We now address each of the reviewer’s specific concerns in detail:
Novelty: We agree with the reviewer that some individual components of our method have appeared previously in isolation. However, we emphasize that our core innovation lies precisely in integrating these known elements into a cohesive and novel architecture, specifically by embedding associative memory (AM) directly into transformer-based architectures, and crucially doing so during the training process itself. This architectural integration represents a novel and meaningful step forward in this area, which, to our knowledge, has not been explored before.
Computational Overhead: We fully acknowledge the importance of this point. We have provided a detailed response to the related concern titled 'Time, Memory, Scalability' raised by Reviewer SLZL. In brief, the computational overhead introduced by MIRA during inference is minimal compared to standard LoRA forward passes, as the associative memory retrieval operation adds only two matrix-vector multiplications per layer, a negligible overhead when compared to the computational demands of the transformer’s attention mechanism. Likewise, the memory overhead, driven mainly by storing keys for adapter indexing, is minimal compared to the size of adapters and pre-trained transformer weights.
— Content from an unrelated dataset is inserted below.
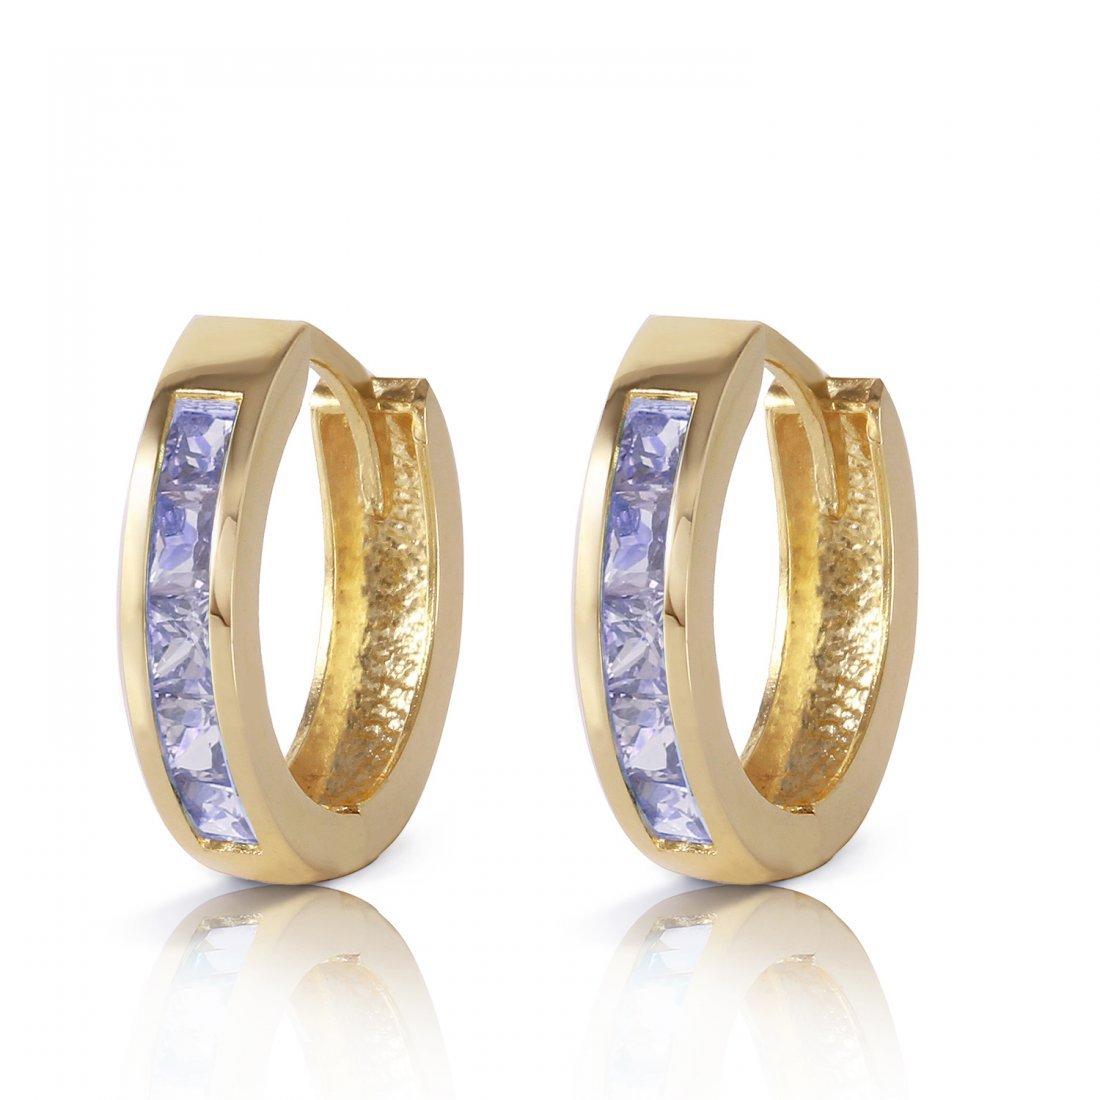 Genuine 0.95 ctw Tanzanite Earrings Jewelry 14KT Yellow

Statistical Significance Testing: We respectfully highlight that our paper already includes confidence intervals across nearly all primary experimental results (Tables 2–5), directly addressing the concern regarding statistical significance. For additional clarification or any further specific analysis, we kindly refer the reviewer to the comment later in this rebuttal titled, 'Naive Retrieval Heuristics'.
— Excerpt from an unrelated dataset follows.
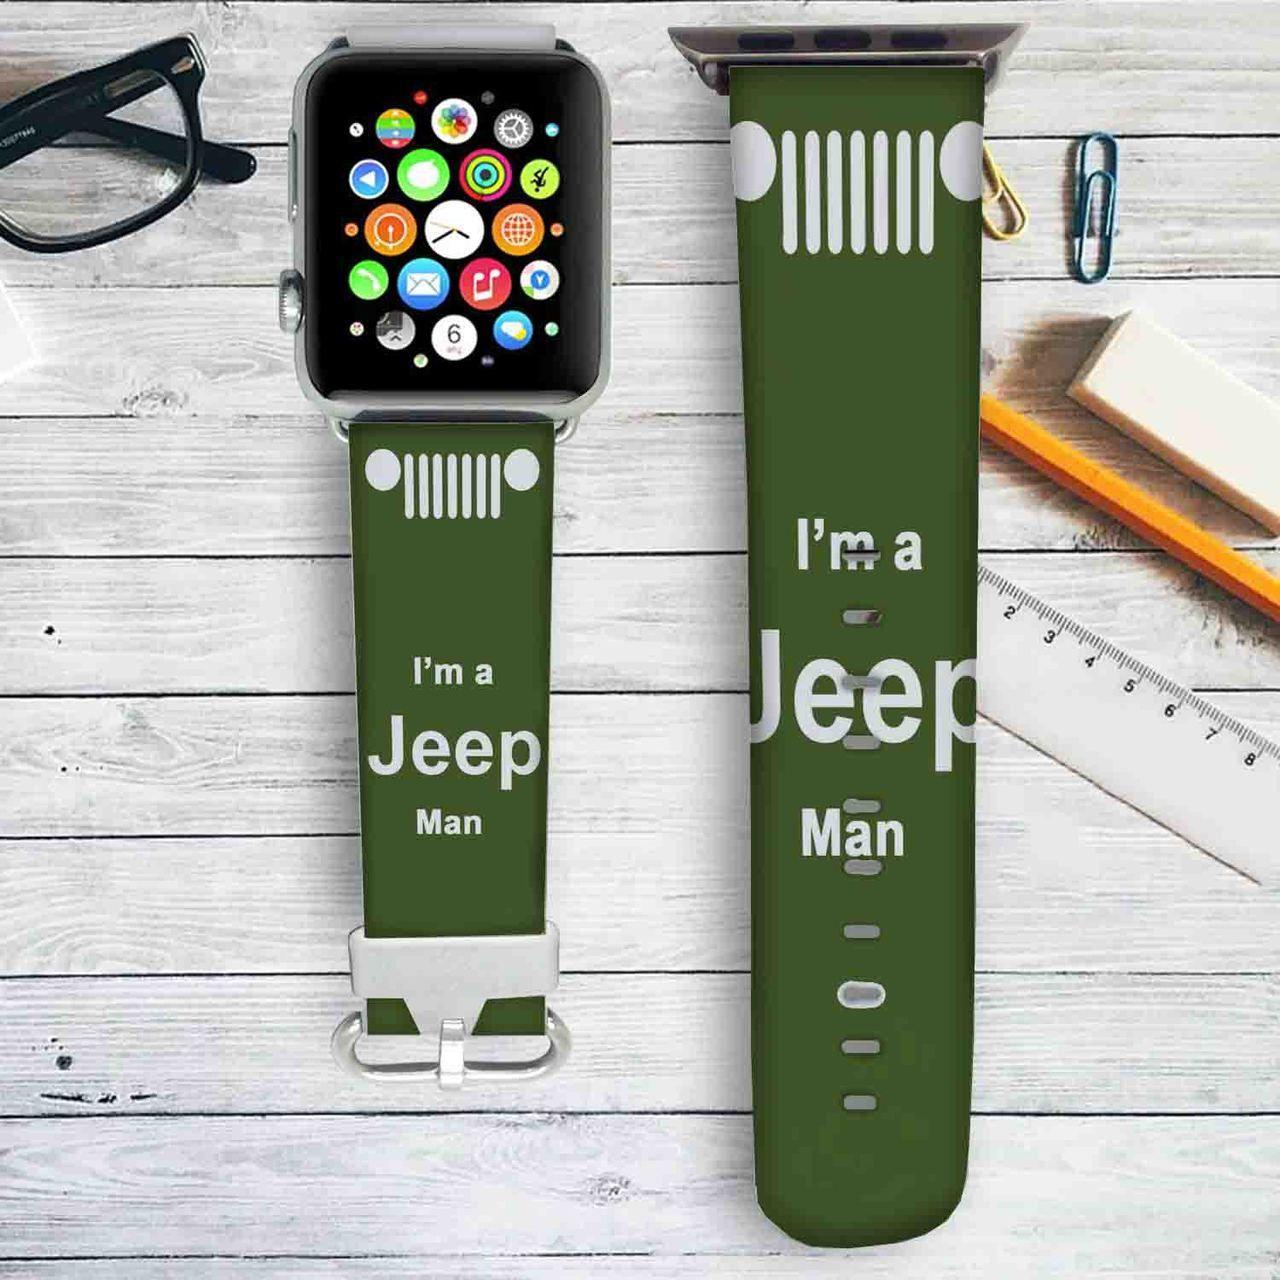 I'm a Jeep Man Custom Apple Watch Band Leather Strap Wrist

Interpretability: We respectfully reiterate that interpretability in retrieval was neither claimed nor demonstrated in our current work. Nonetheless, we appreciate the reviewer’s insightful suggestion of including visualizations to better illustrate retrieval mechanisms. In response, we are currently conducting an additional experiment: for each domain/task, we quantify how frequently adapters specific to that domain/task yield the highest key-query match when processing input samples belonging to that domain/task. Initial results indicate this metric is highly sensitive to the choice of similarity function. We kindly request the reviewer to clarify their interpretation of the phrase "architectural modularity," to ensure our experimental analyses align precisely with their suggestion.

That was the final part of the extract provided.